First, let's calculate the expected value for the coin-flipping game:
- The probability of getting tails is 1/2, and the payment for tails is $2.50.
- The probability of getting heads is also 1/2, and the payment for heads is $1.50.
So, the expected value for the coin-flipping game can be calculated as follows:
Expected value = (Probability of tails * Payment for tails) + (Probability of heads * Payment for heads)
Expected value = (1/2 * $2.50) + (1/2 * $1.50)
Expected value = $1.25 + $0.75
Expected value = $2.00
Next, let's calculate the expected value for the die-rolling game:
- Since it is a fair six-sided die, each number (1, 2, 3, 4, 5, 6) has an equal probability of 1/6.

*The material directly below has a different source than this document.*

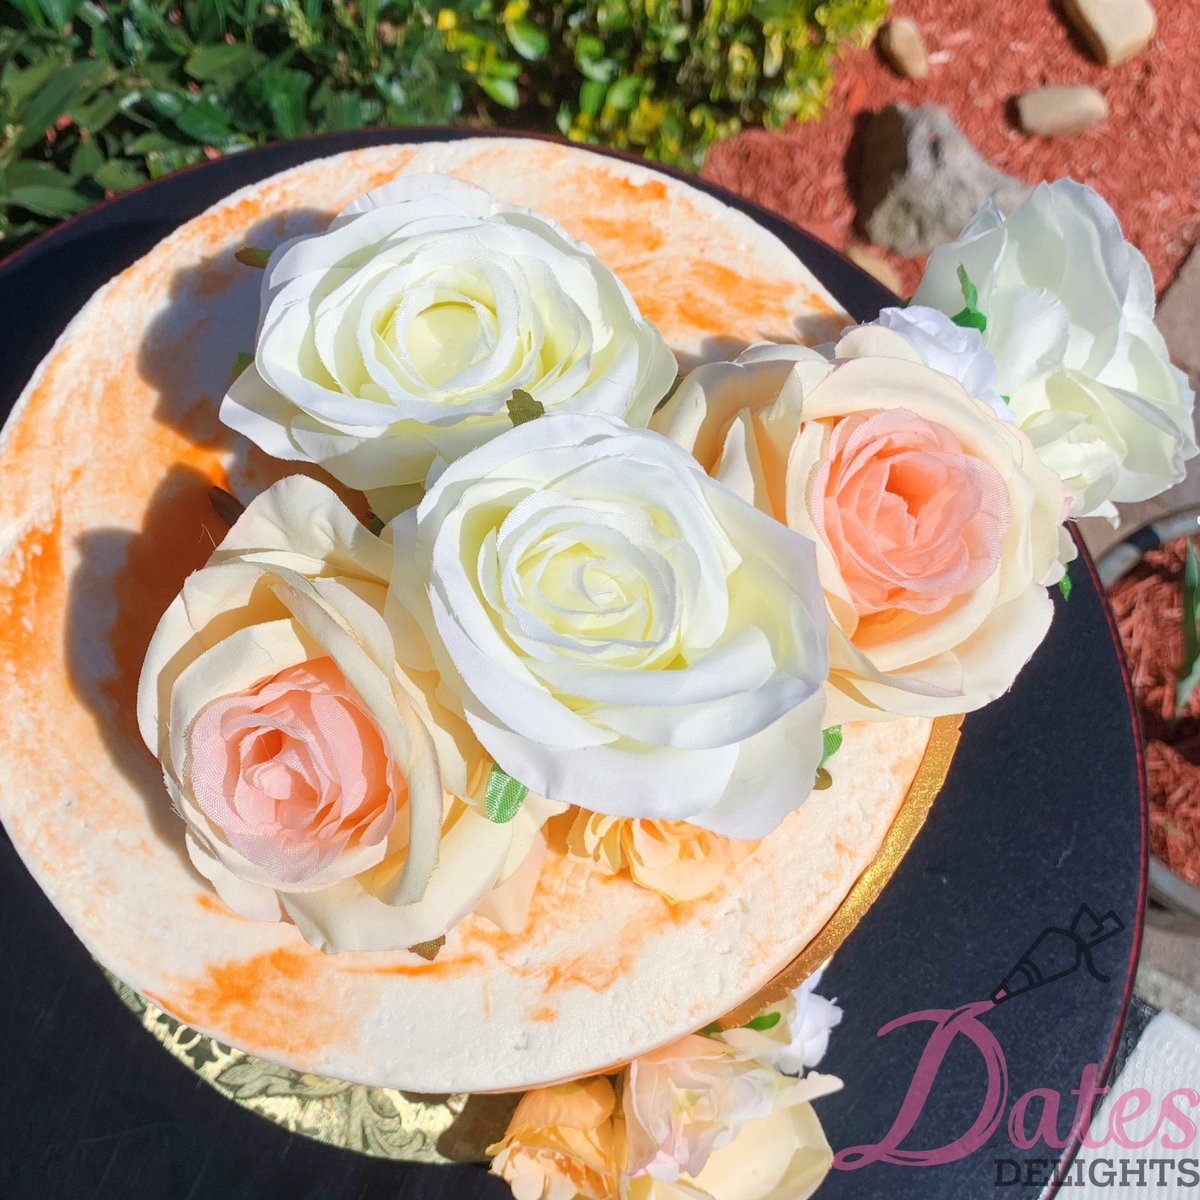 🤍🧡✨🌷🤍🧡✨🌷🤍🧡✨🌷 #datesdelights #dmvcakes #cake #floralcake #gold #roses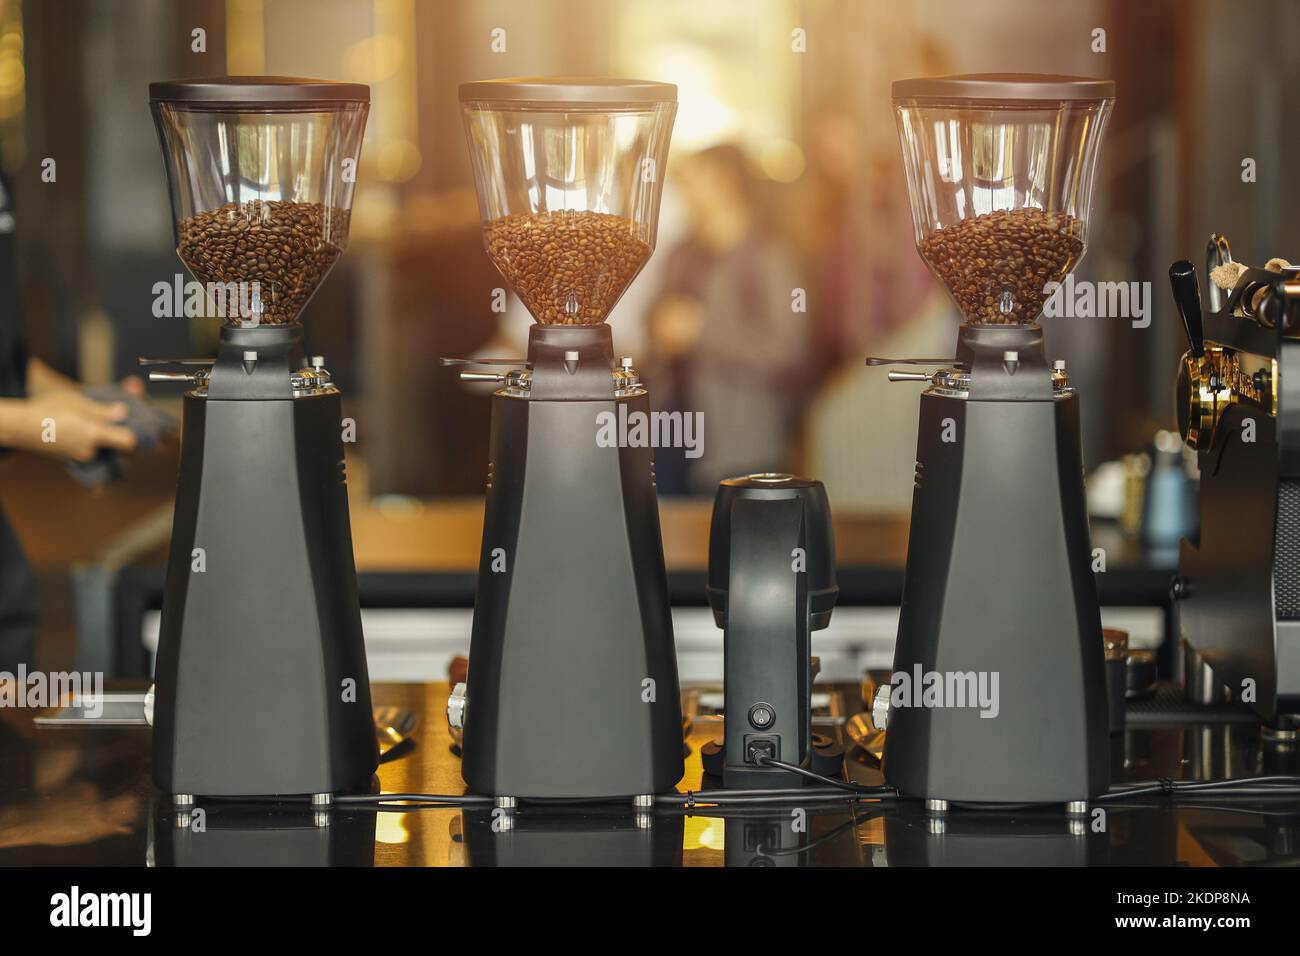 Mehrere Kaffeemühle Maschine für jede Art von Kaffeebohne in Spezialkaffee Geschäft Stockfoto

- The payment for each number shown on the die is equal to that number.
So, the expected value for the die-rolling game can be calculated as follows:
Expected value = (Probability of rolling a 1 * Payment for rolling a 1) + (Probability of rolling a 2 * Payment for rolling a 2) + ... + (Probability of rolling a 6 * Payment for rolling a 6)
Expected value = (1/6 * 1) + (1/6 * 2) + (1/6 * 3) + (1/6 * 4) + (1/6 * 5) + (1/6 * 6)
Expected value = (1/6)(1 + 2 + 3 + 4 + 5 + 6)
Expected value = (1/6)(21)
Expected value = 3.5
Finally, to calculate the expected amount of payment in the joint game, we multiply the expected values of the two games together:
Expected amount of payment = Expected value of coin-flipping game * Expected value of die-rolling game
Expected amount of payment = $2.00 * 3.5
Expected amount of payment = $7.00
Therefore, the expected amount of payment in this joint game is $7.00.